> [Work request] Without including any pictures, reproduce all the lines below word for word.

> [Stored data]

*** Begin section ***

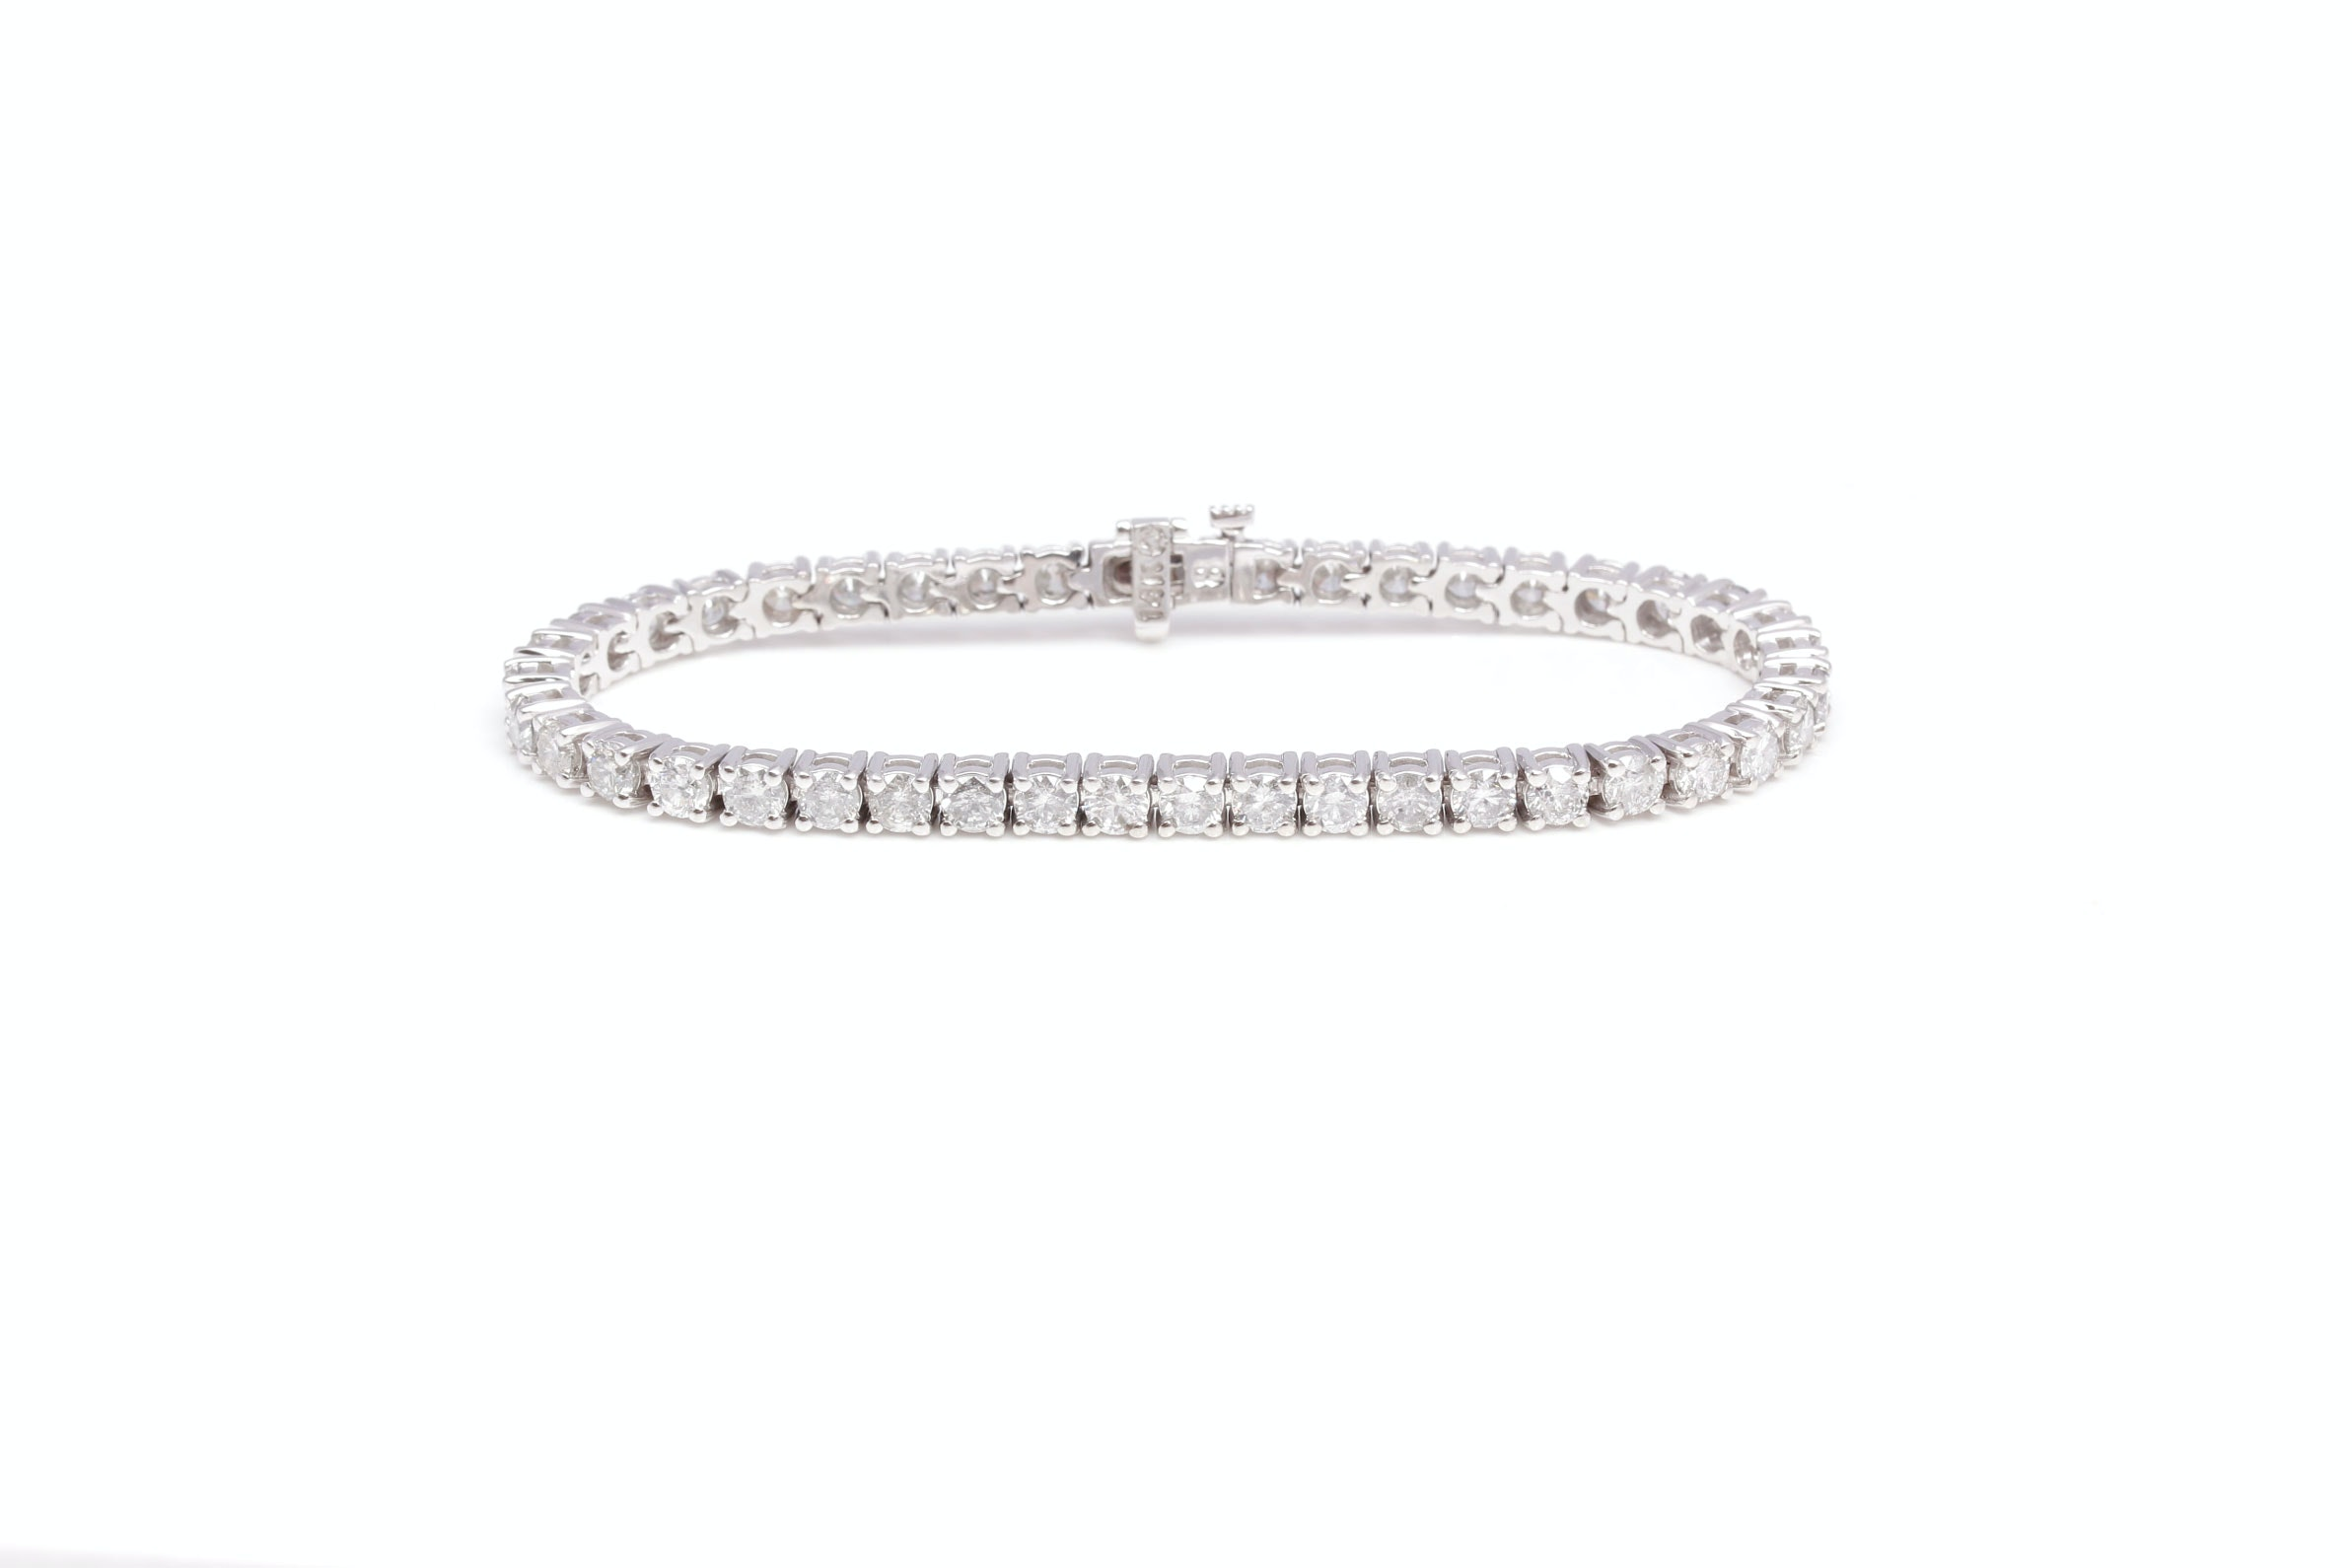 14K White Gold 8.27 CTW Diamond Bracelet
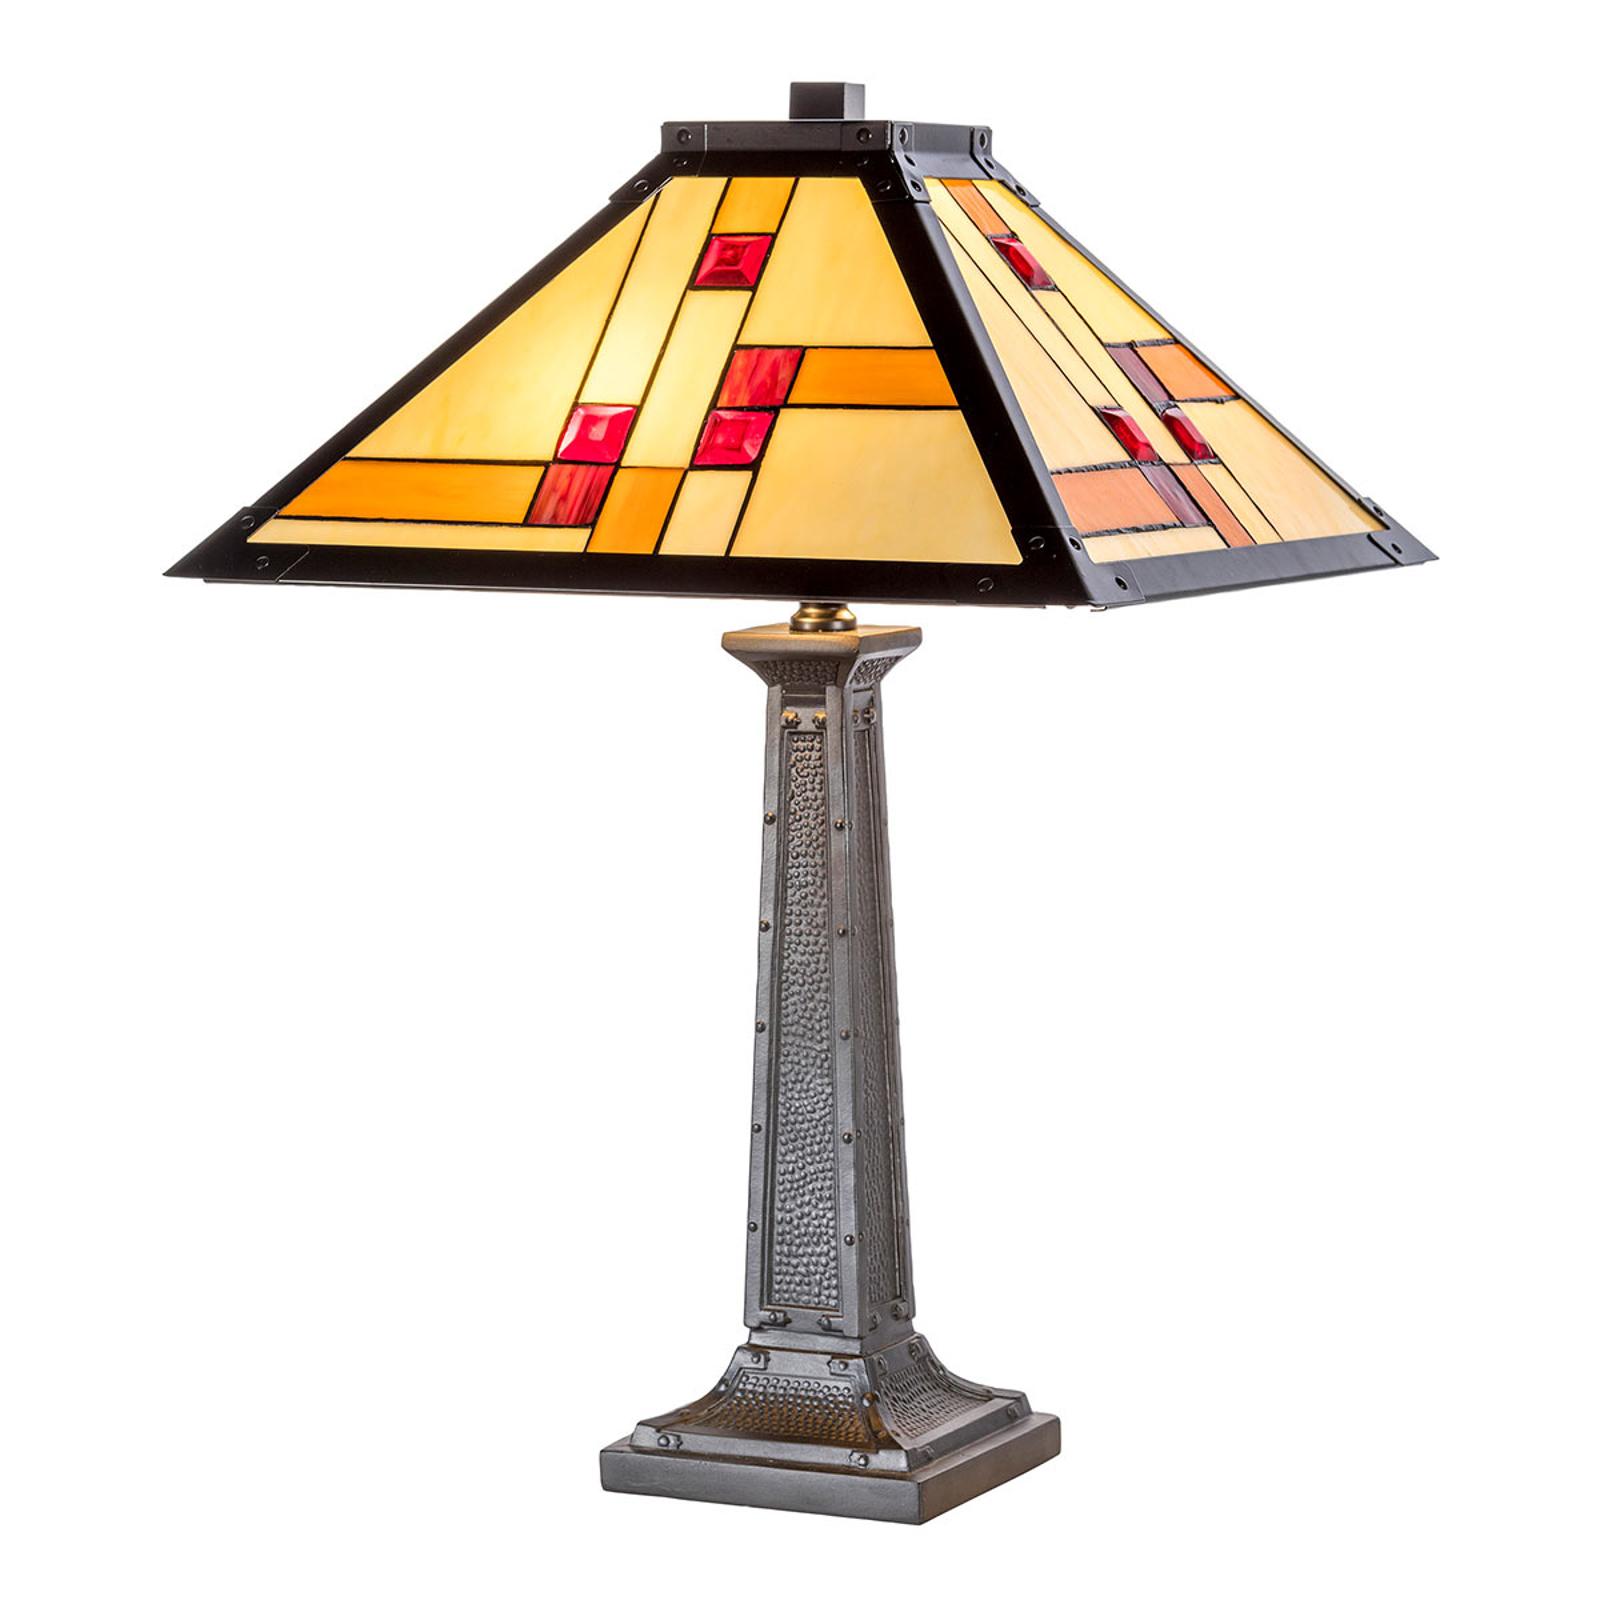 Bordslampa KT1836-40+P1836 i Tiffany-stil
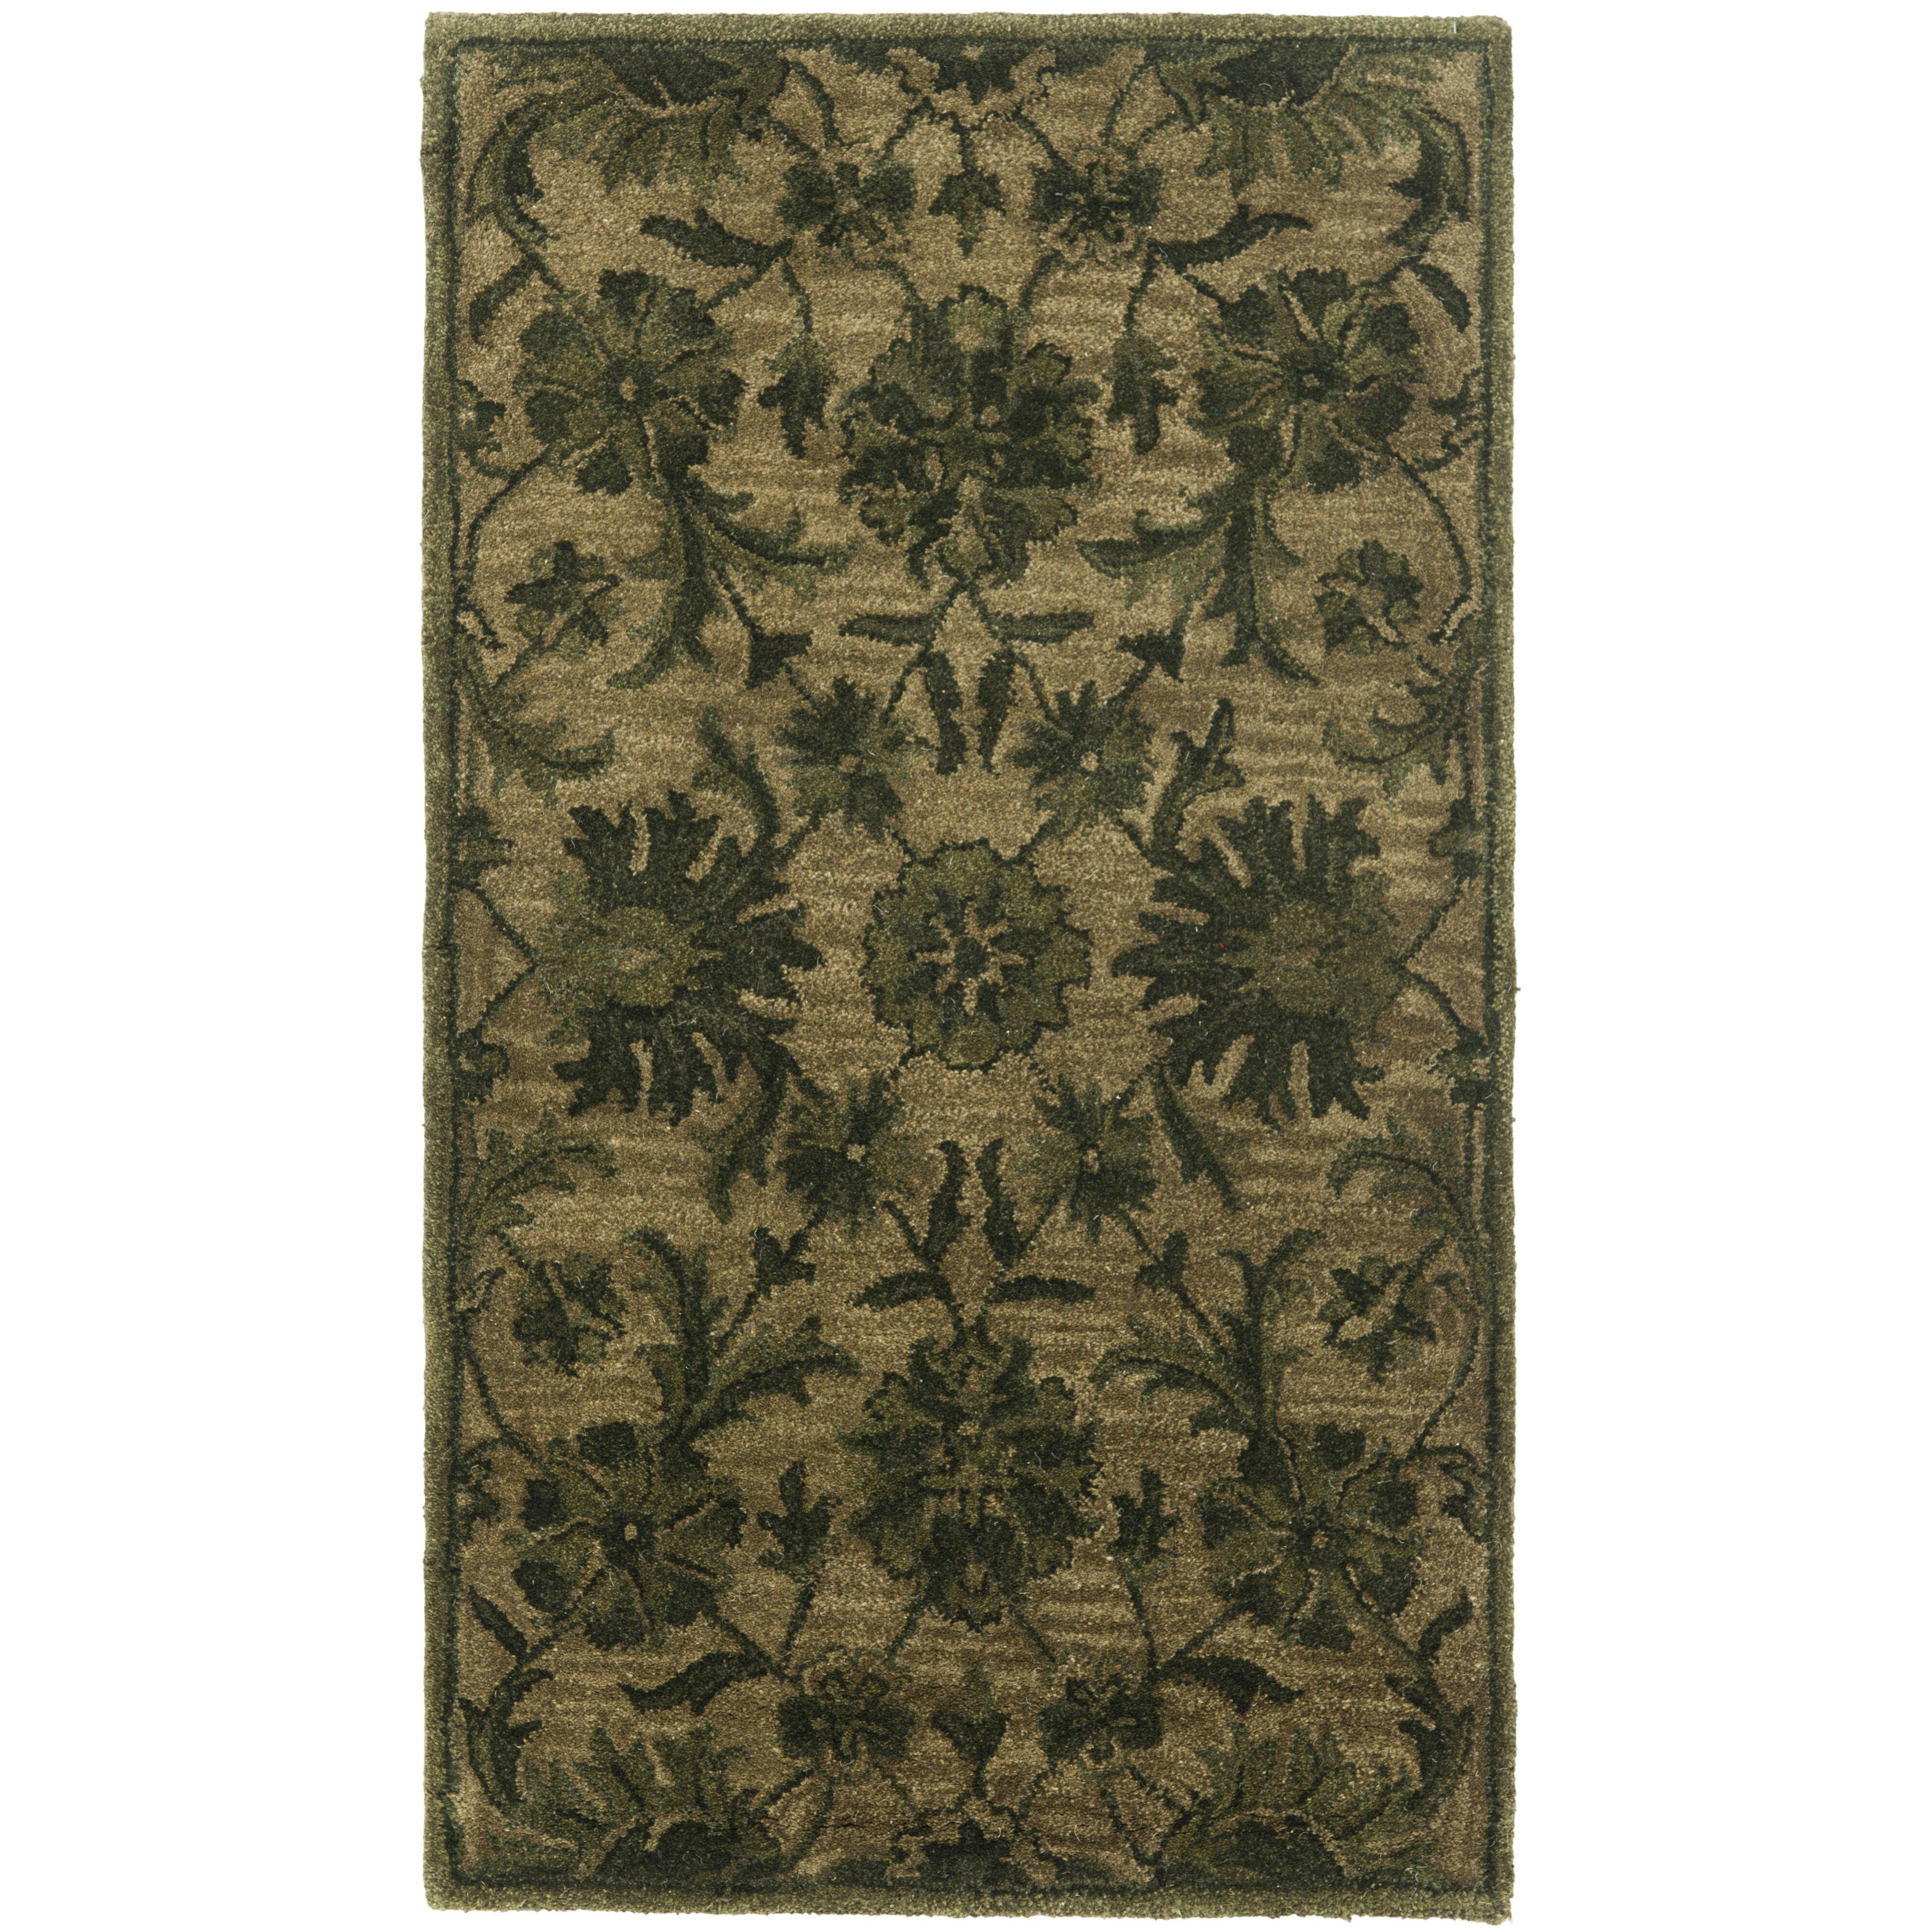 Charlton Home Dunbar Olive/Green Area Rug & Reviews

*** End section ***

> [Response to this exercise]
 14K White Gold 8.27 CTW Diamond Bracelet
 Bordslampa KT1836-40+P1836 i Tiffany-stil
 Charlton Home Dunbar Olive/Green Area Rug & Reviews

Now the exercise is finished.